Tree Map: A hierarchical node grouping can be flattened out and shown as a birds-eye, textual representation. This view will work for groups that can be represented by strict trees, ie: only one parent per node and would only be useful for highly nested structures. Directed acyclic graphs (DAG) will not be supported by this view. Visual Aid: An example of this visualization taken from http://ivtk.sourceforge.net/
Allan Kuchinsky, October 13th, 2007: TreeMaps are really an extension of Pie Charts, so make sense when you want to show the relative values for different child nodes. They really only make sense if you have a highly nested data structure. Given such a data structure, TreeMaps provide strong visual cues and might be an alternative to Pie Nodes and Grid Nodes.
Mouse-Over Tool: Create a viewing tool that will be controlled by a mouse and will travel over the network panel, when the tool moves over a parent node, the inside of the parent node.This tool will show an “x-ray”, detailed view of the inside of the parent node.

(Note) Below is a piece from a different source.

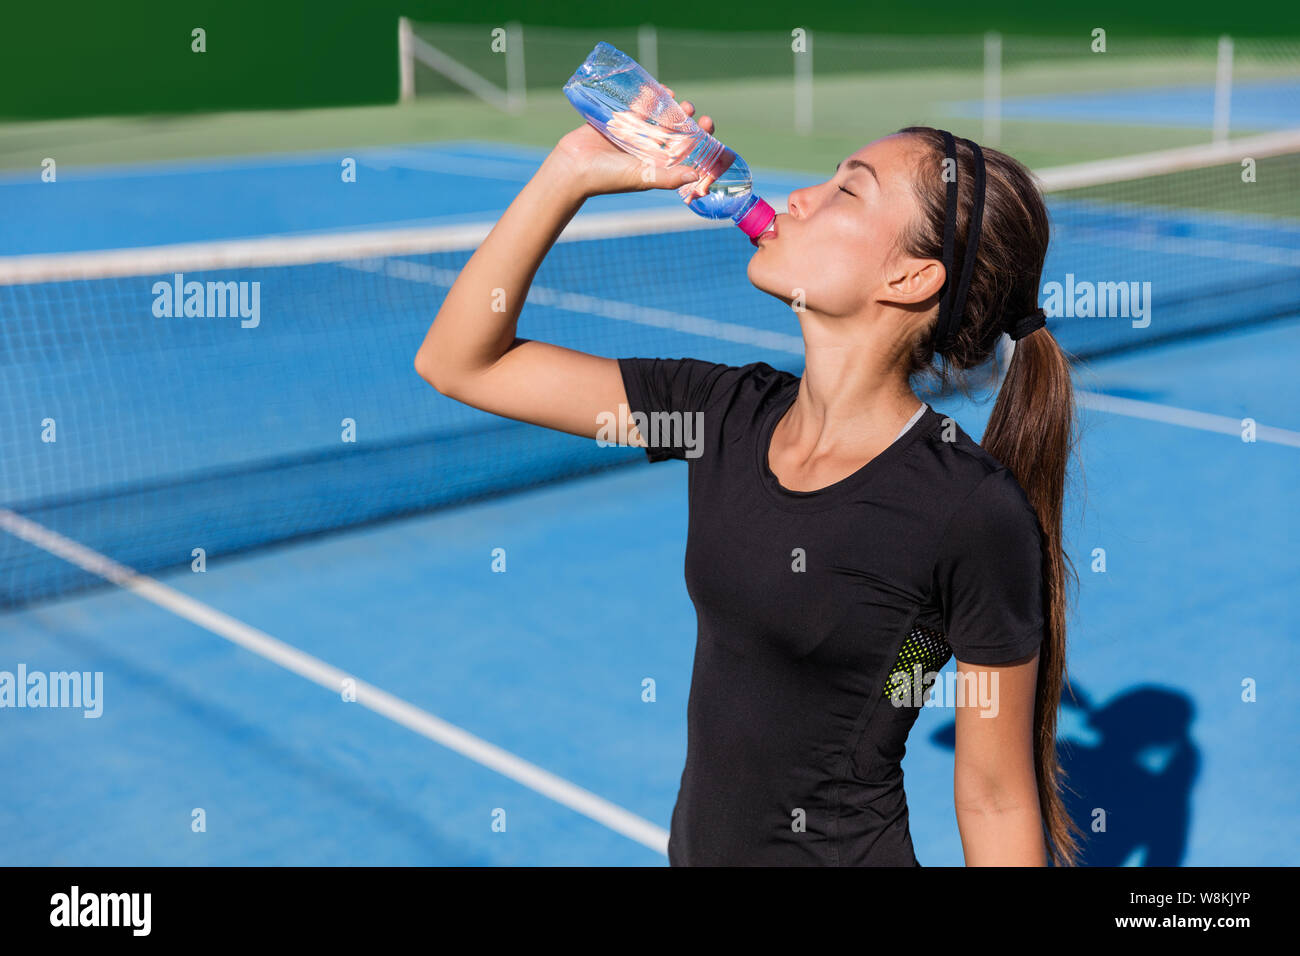 Joueur de tennis saine soif désaltérante de boire santé sport boire de l'eau bouteille plastique hydratant avant de jouer à un jeu sur bleu hardcourt. Athlète professionnel vivant une vie active mettre en place. Banque D'Images

In order for this tool to be useful, the "x-ray" area should move over the nodes smoothly and the updated view should be instant, without any latency. Visual Aid: An example of this type of tool can be seen here. However instead of a zoomed view, the user will be able to see the child nodes that are inside the parent node. Image taken from http://ivtk.sourceforge.net/
Allan Kuchinsky, October 13, 2007: Using distortion might be a very intuitive way to give the user a quick overview of the children of a parent node. Coordinating this display with the Cytoscape renderer may be a challenge. Also, performance will be an important consideration. The user should be able to move the magnified area smoothly, the display should update immediately -- there should be no perceivable latency.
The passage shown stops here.